Tujuan dan partisipannya berubah, namun Paus tetap menjadi inspirator ideologis. Innocent III memberkati Prancis dan Venesia atas pencapaian lebih lanjut dalam nama Tuhan. Diperkirakan jumlah tentara setidaknya 30 ribu orang. Orang Venesia mengambil tanggung jawab untuk mengangkut orang Prancis ke pantai Tanah Suci. Selain itu, mereka harus memberi mereka senjata dan perbekalan. Para prajurit yang datang berjumlah 12 ribu orang, dan tidak mampu membayar perbekalan yang telah disiapkan. Orang Venesia mengundang mereka untuk mengambil bagian dalam perang kota Zadar dengan orang Hongaria. Paus melarang orang Prancis terlibat dalam pertengkaran orang lain, namun mereka tidak taat. Akibatnya, seluruh peserta perang salib dikucilkan dari gereja.

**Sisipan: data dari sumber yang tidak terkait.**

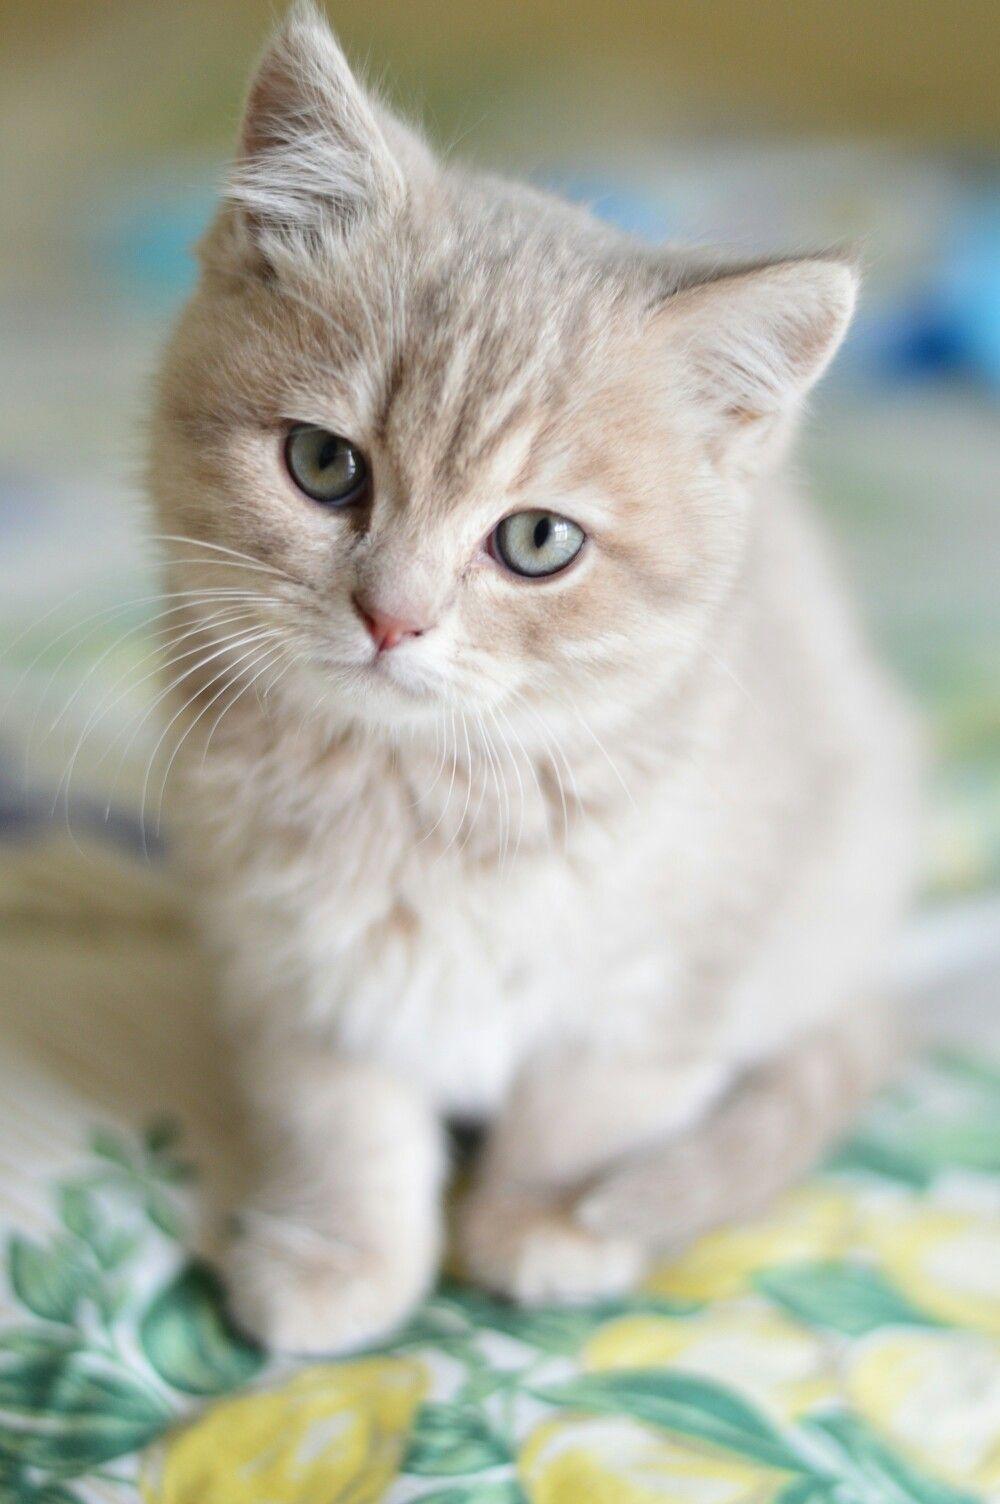 Medium Of Cat Peeing On Bed

Terinspirasi oleh kemenangan atas Hongaria, Venesia mengusulkan untuk merebut Konstantinopel. Sebagai imbalannya, mereka dijanjikan imbalan yang baik dan bekal penuh untuk keseluruhan kampanye. Mengabaikan larangan Paus, Prancis mengembalikan takhta kepada Isaac II Angel. Namun, setelah pemberontakan, kaisar digulingkan, dan para prajurit tidak melihat imbalan yang dijanjikan. Tentara salib yang marah sekali lagi merebut Konstantinopel, dan selama 13 hari mereka tanpa ampun menghancurkan kekayaan budaya dan menjarah penduduk. Kekaisaran Bizantium hancur, dan menggantikannya muncul yang baru - Kekaisaran Latin. Ayah mengubah amarahnya menjadi belas kasihan. Karena tidak pernah mencapai Mesir, tentara kembali ke rumah. Orang-orang Venesia merayakannya - merekalah yang paling beruntung dalam kampanye ini.

Perang Salib Anak-anak

Tujuan, peserta dan hasil kampanye ini masih membuat orang bergidik. Apa yang dipikirkan para petani ketika mereka memberkati anak-anak mereka untuk tugas ini? Ribuan remaja yakin bahwa kepolosan dan iman akan membantu mereka merebut kembali Tanah Suci. Orang tua tidak dapat mencapai hal ini dengan senjata, tetapi mereka dapat melakukannya dengan kata-kata. Perlu dicatat bahwa ayah dengan tegas menentang kampanye semacam itu. Tetapi para pastor paroki melakukan tugasnya - sepasukan anak-anak yang dipimpin oleh penggembala Etienne tiba di Marseille.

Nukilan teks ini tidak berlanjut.